First TMS-EMG was performed to achieve the correct out of maximum TMS intensity necessary to evoke MEP into hand thenar muscles



Using 100% RMT TMS-EEG evoked potentials were recorded. This trial was performed on experimental basis within the expert team in a healthy subject who previously accepted the test. Another 15-20 voluntary healthy subjects will be tested on both TMS-EMG and TMS-EEG protocols in accordance with World Medical Association (WMA) Declaration of Helsinki, a statement of ethical principles for medical research involving human subjects.
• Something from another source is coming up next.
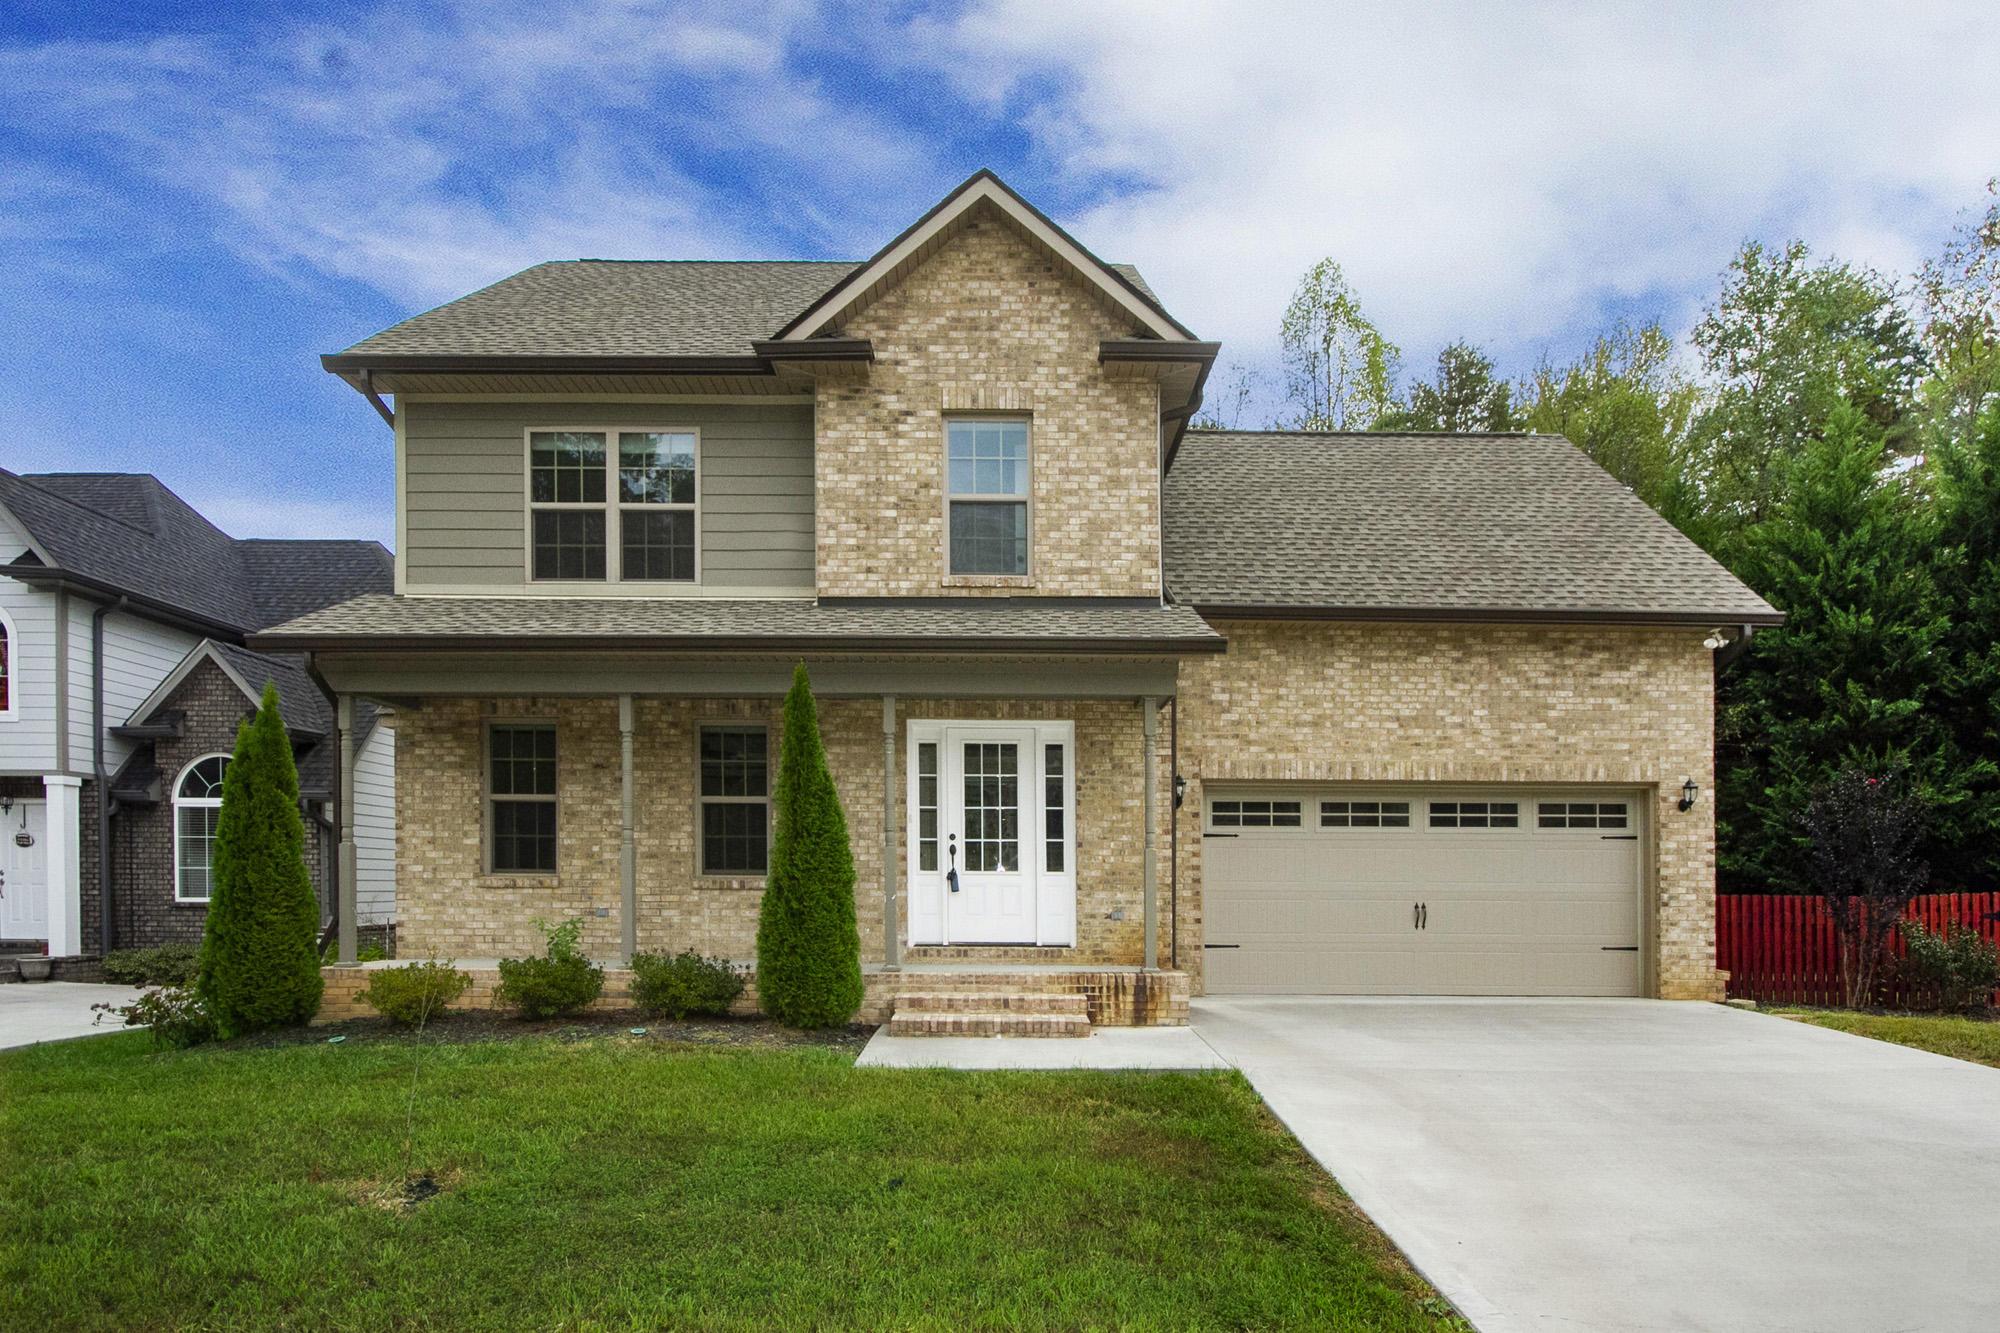 100 Crossroads Blvd, Oak Ridge, Tennessee 37830, 3 Bedrooms Bedrooms, ,2 BathroomsBathrooms,Single Family,For Sale,Crossroads,1097987

The future joint applied science clinical study will be developed after two international specific trainings and meetings in Denmark (Nov 2017) and France (January 2018). The aim is to assess biological neural networks (BNN) in patients with brain tumors and symptomatic epilepsy as a preoperative safety assessment of the functional brain tissue and effective connectivity in order to improve actual procedures (motor  & speech mapping and fMRI) and avoid new neurological deficit. Main collaborators of this challenging Icelandic medical research and clinical study are Neurosurgery Department of National University Hospital of Iceland (Drs Ingvar Hakon Ólafsson & Elfar Ulfarsson) and Neurosurgery Department of del Mar Hospital Barcelona, Spain (Dr Gerard Conesa). Scientific support and research specific feedback is given by Dr Eric Wassermann (NINDS/NIH; Bethesda, United States) and Prof Dr Elías Ólafsson (Head of Neurology Department, National University Hospital of Iceland).